Unas páginas de la novela en proceso

Estoy borracho, absolutamente borracho, total y definitivamente borracho. Voy tambaleante de pared a pared. Me dirijo al baño con la intención de orinar. Llego con enormes dificultades. Estoy a punto de caer sobre el retrete. Al orinar comienzo a irme de espaldas empi­nándome sobre los talones. El líquido sale después de largos minutos. Acabo de escribir el cuento que por tantas semanas he relegado. Todo lo preparé con minuciosidad, sabiendo que tenía que escribir un texto extraordinario. Se trata de Perry McClue, un hombre que sueña con ser todos los hombres, con correr todas las aventuras, con seducir y ser seducido por mujeres espléndidas, hombres, efebos, doncellas;  que recorre todo el mundo y en todas partes lo espera la maravilla, lo des­mesurado, lo particular; que disfruta   gozosamente de los dones de la tie­rra, y sin embargo termina en una paradójica, incomprensible e inso­portable soledad.
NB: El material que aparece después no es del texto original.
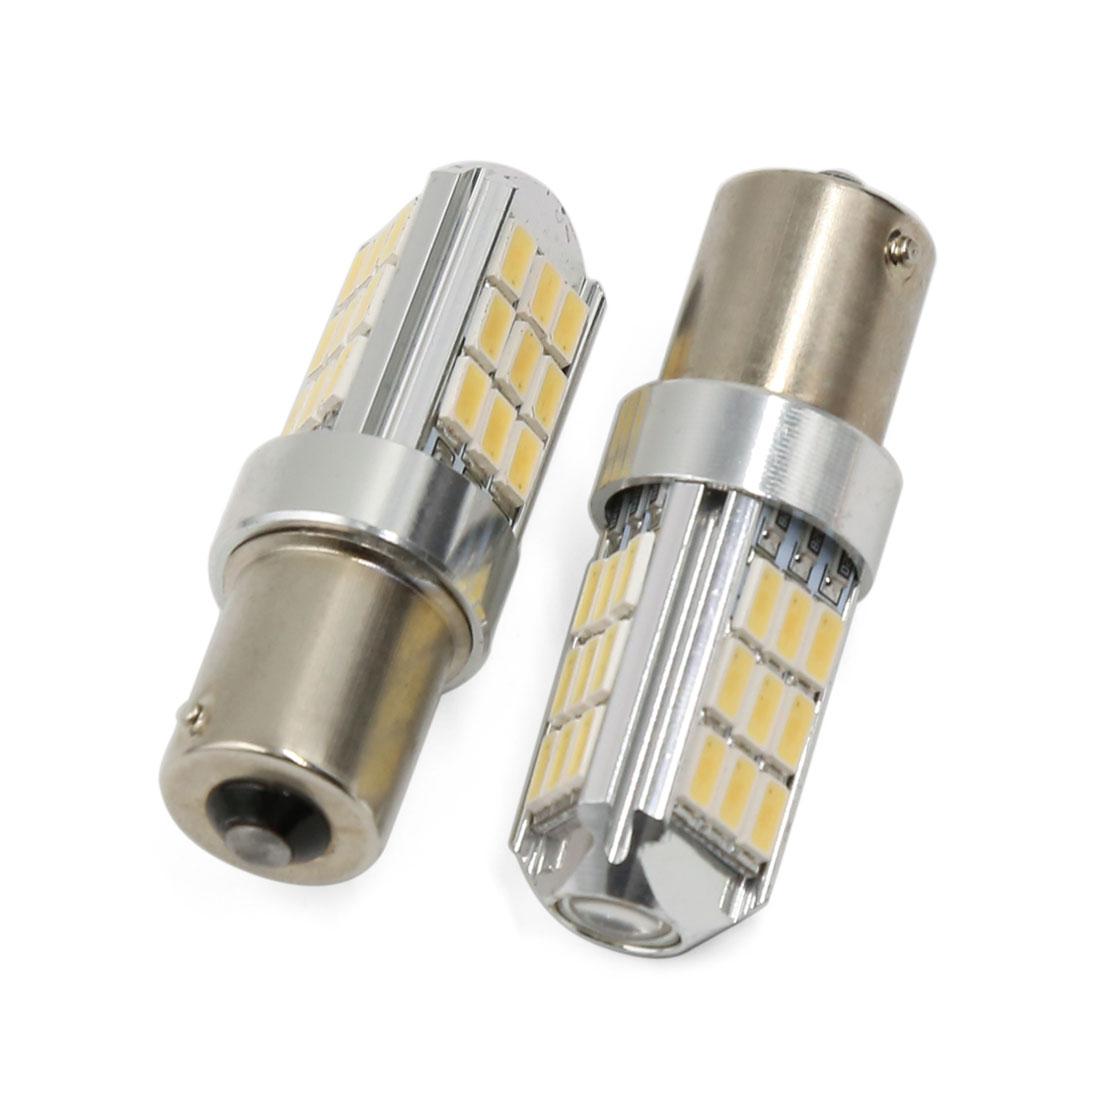 White Car 1156 BA15S 27 SMD LED Bulb Tail Turn Signal Lamp Light DC 12V 2 Pcs
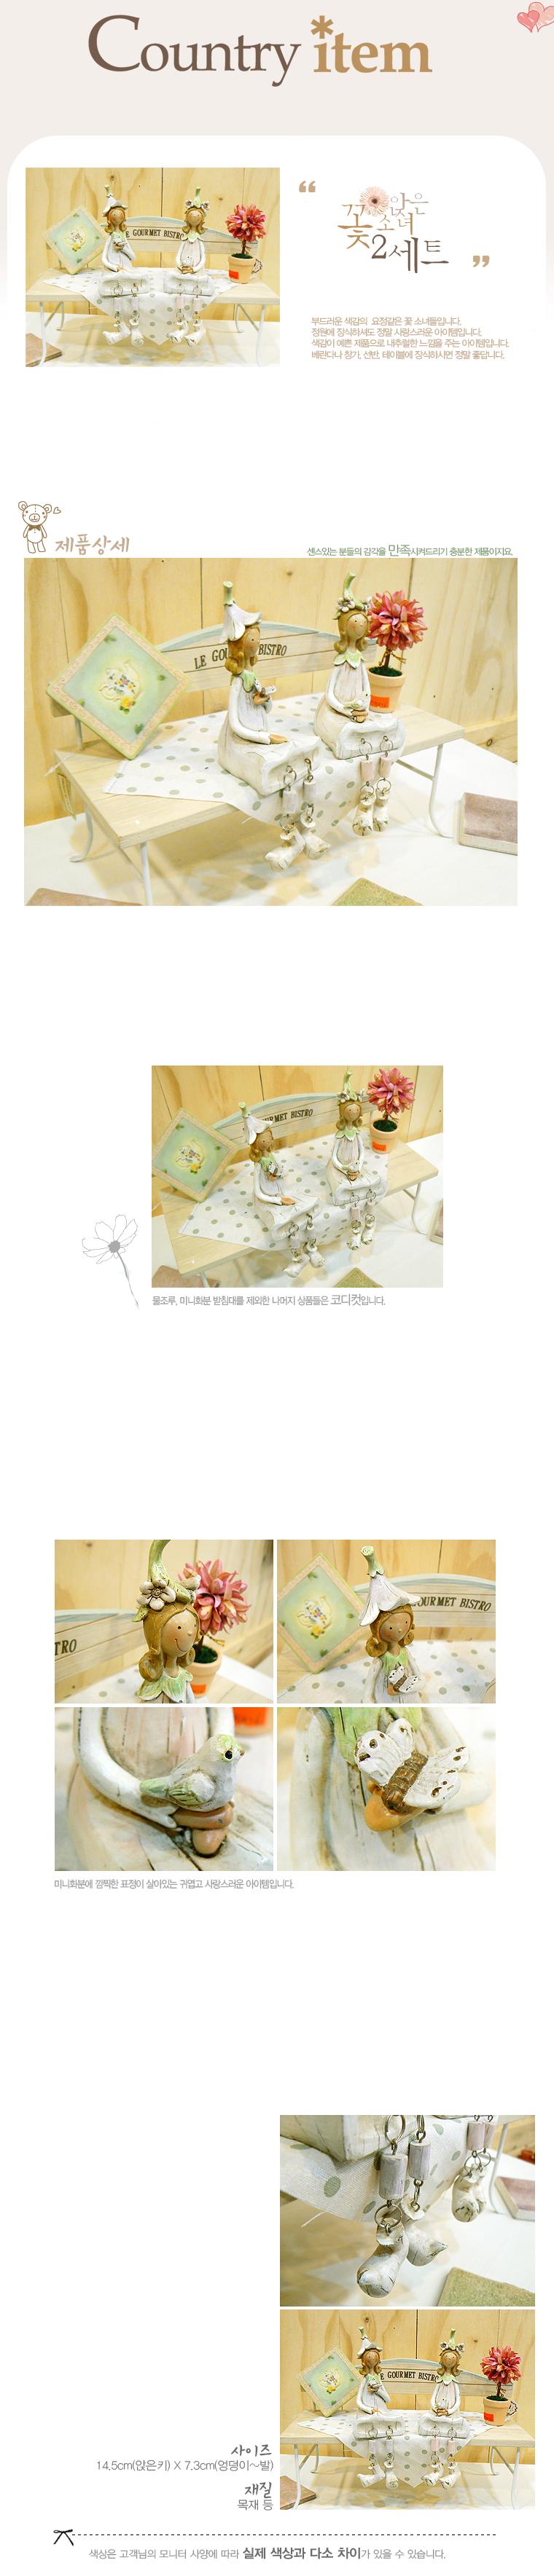 앉은 꽃 소녀 2세트 - 컨츄리아이템, 19,000원, 장식소품, 이니셜/알파벳모형

Cuando supe que estaba listo, que todo mi ser era una especie de átomo original a punto del big bang, puse a Atenea de patitas en la calle, compré una botella de tequila, limpié la mesa, coloqué dos cajetillas de cigarros, limón y sal a mi lado. Y me senté. Frente a mí estaba la vieja y perruna Olivetti Lettera 22, que había arrastrado de Cali a Lawrence, de allí a Monterrey, para terminar en donde ahora, entonces, estaba. Pasaron los minutos. No podía escribir ni una sola palabra. Tomé un largo tra­go, me eché a la boca una pizca de sal y me exprimí medio limón. No salió ni una sola palabra. Apuré otro trago con idénticas consecuen­cias. Al tercer trago salió la primera frase, redondita y todavía escu­rriendo líquido amniótico. Celebré el triunfo con una tercera dosis. A partir de entonces el texto emergió espontáneamente. En esos mo­mentos no sabía si lo que estaba escribiendo valía un potosí o menos que nada. La alegría del instante era pasmosa, el sentimiento de poder comparable al de un dios que con un movi­miento de sus manos levanta montañas, abre desfiladeros, traza valles sin fin y pone sobre ellos criaturas inéditas, sorprendidas y dichosas.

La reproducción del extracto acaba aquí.